To enhance the paper's strength, cationic starch is added to wet pulp in the manufacturing process. Starch has a similar chemical structure as the cellulose fibre of the pulp, and the surface of both the starch and fibre are negatively charged. By adding cationic (positive charged) starch, the fibre can bind with the starch and thus also increase the interconnections between the fibres. The positively charged portion of the starch is usually formed by quaternary ammonium cations. Quaternary salts that are used include 2.3-epoxy propyl trimethyl ammoniumchloride (EPTAC, also known as or Glytac Quab, GMAC™) and (3-chloro-2-hydroxypropyl) trimethyl ammonium chloride (CHPTAC, also known as Quat 188, Quab 188, Reagens™).

=== Dry-strength ===
Dry-strength additives, or dry-strengthening agents, are chemicals that improve paper strength normal conditions. These improve the paper's compression strength, bursting strength, tensile breaking strength, and delamination resistance. Typical chemicals used include cationic starch and polyacrylamide (PAM) derivatives. These substances work by binding fibers, often under the aid of aluminum ions in paper sheet.

== Binders ==
Binders promote the binding of pigment particles between themselves and the coating layer of the paper. Binders are spherical particles less than 1 μm in diameter. Common binders are styrene maleic anhydride copolymer or styrene-acrylate copolymer. The surface chemical composition is differentiated by the adsorption of acrylic acid or an anionic surfactant, both of which are used for stabilization of the dispersion in water. Co-binders, or thickeners, are generally water-soluble polymers that influence the paper's color viscosity, water retention, sizing, and gloss. Some common examples are carboxymethyl cellulose (CMC), cationic and anionic hydroxyethyl cellulose (EHEC), modified starch, and dextrin.

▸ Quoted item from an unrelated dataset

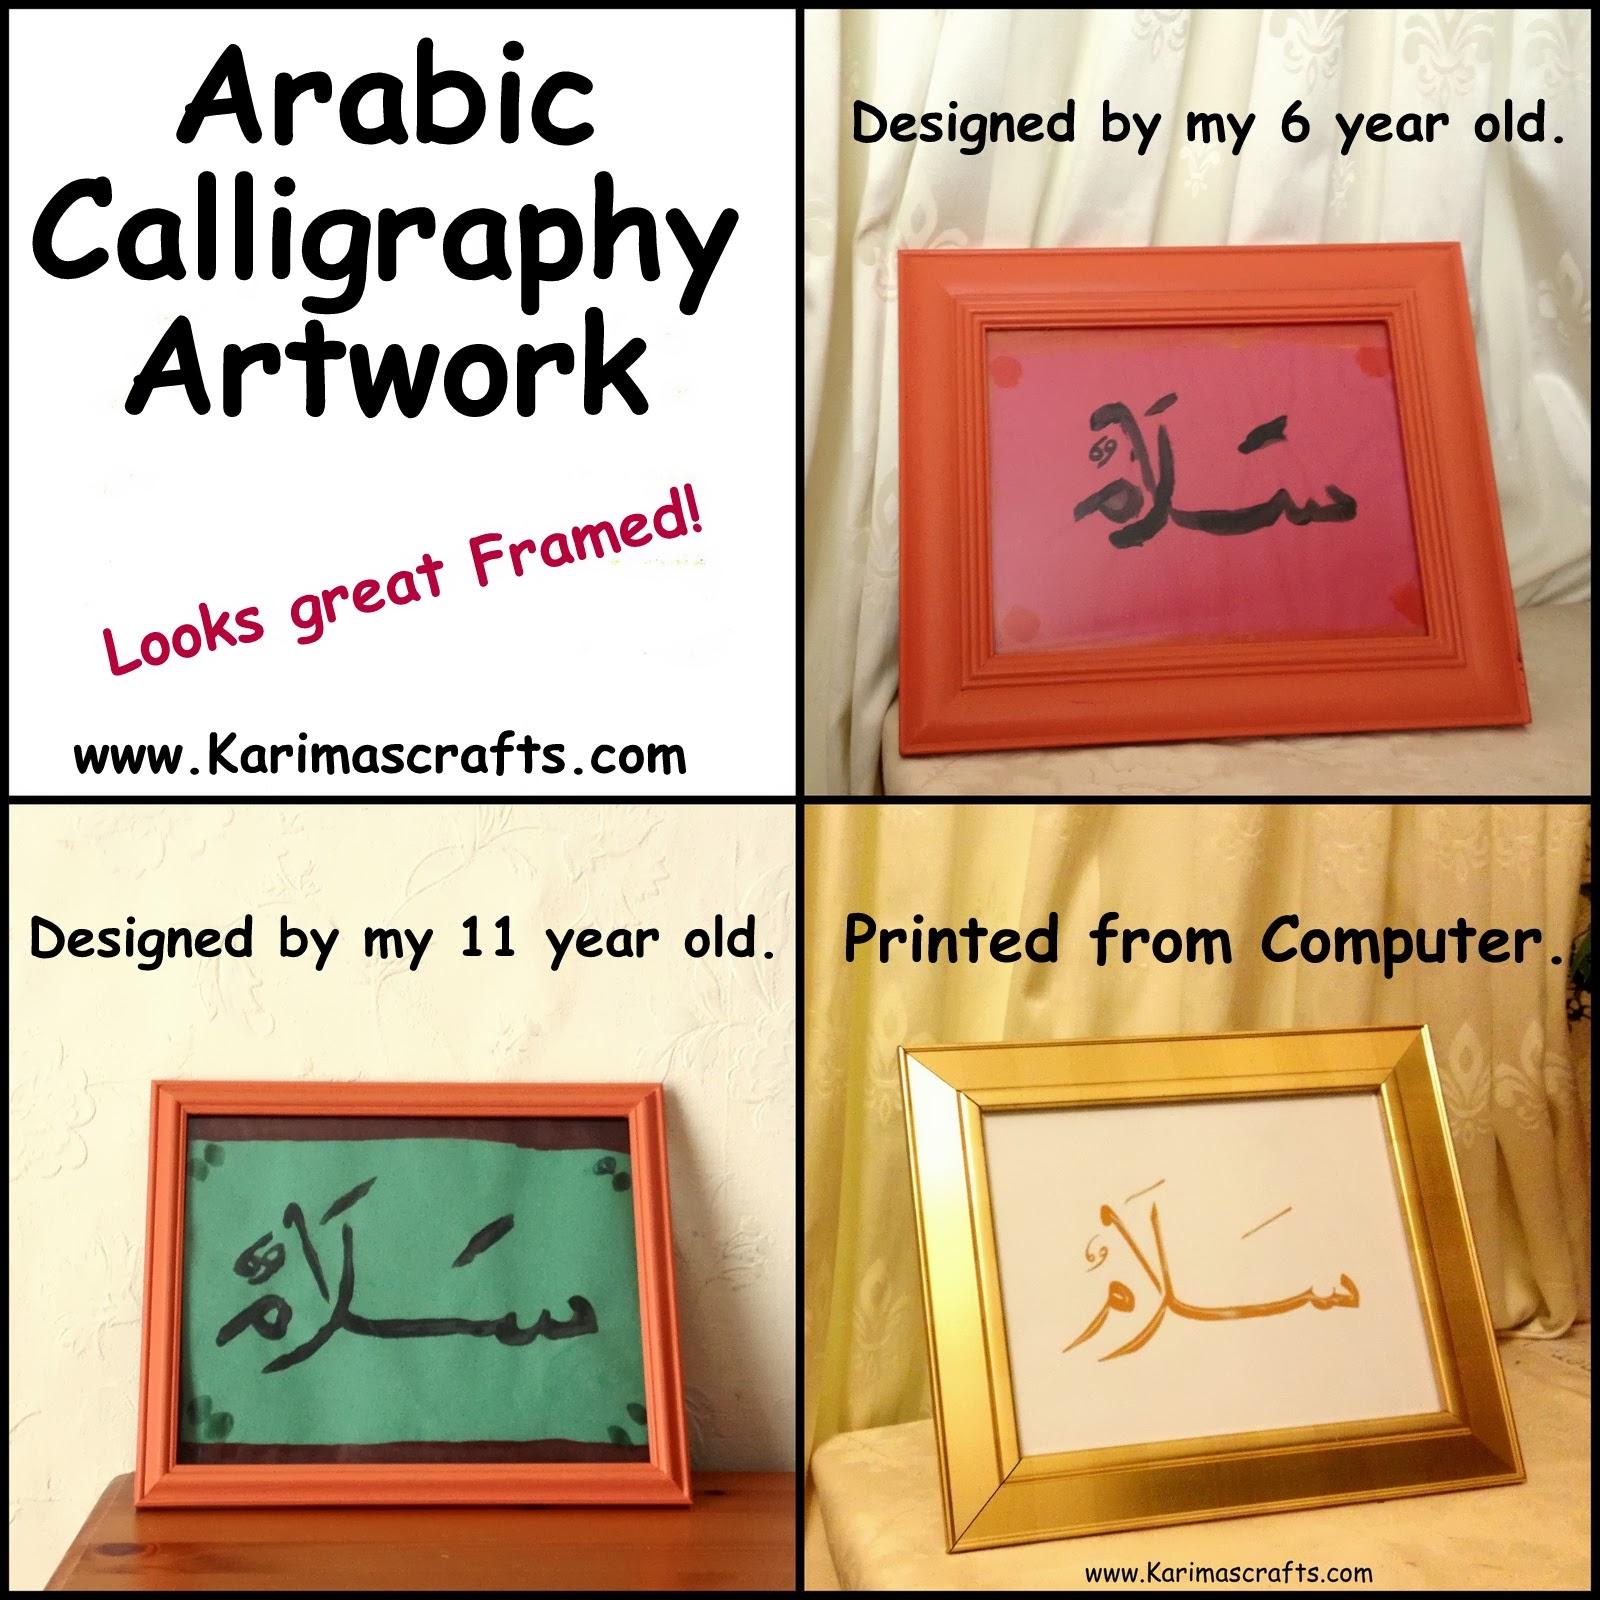 Karima's Crafts: Arabic Calligraphy Artwork - 30 Days of Ramadan Crafts

Styrene butadiene latex, Styrene acrylic, dextrin, oxidized starch are used in coatings to bind the filler to the paper. Co-binders are natural products such as starch and CMC (Carboxymethyl cellulose), that are used along with the synthetic binders, like styrene acrylic or styrene butadiene. Co-binders are used to reduce the cost of the synthetic binder and improve the water retention and rheology of the coating.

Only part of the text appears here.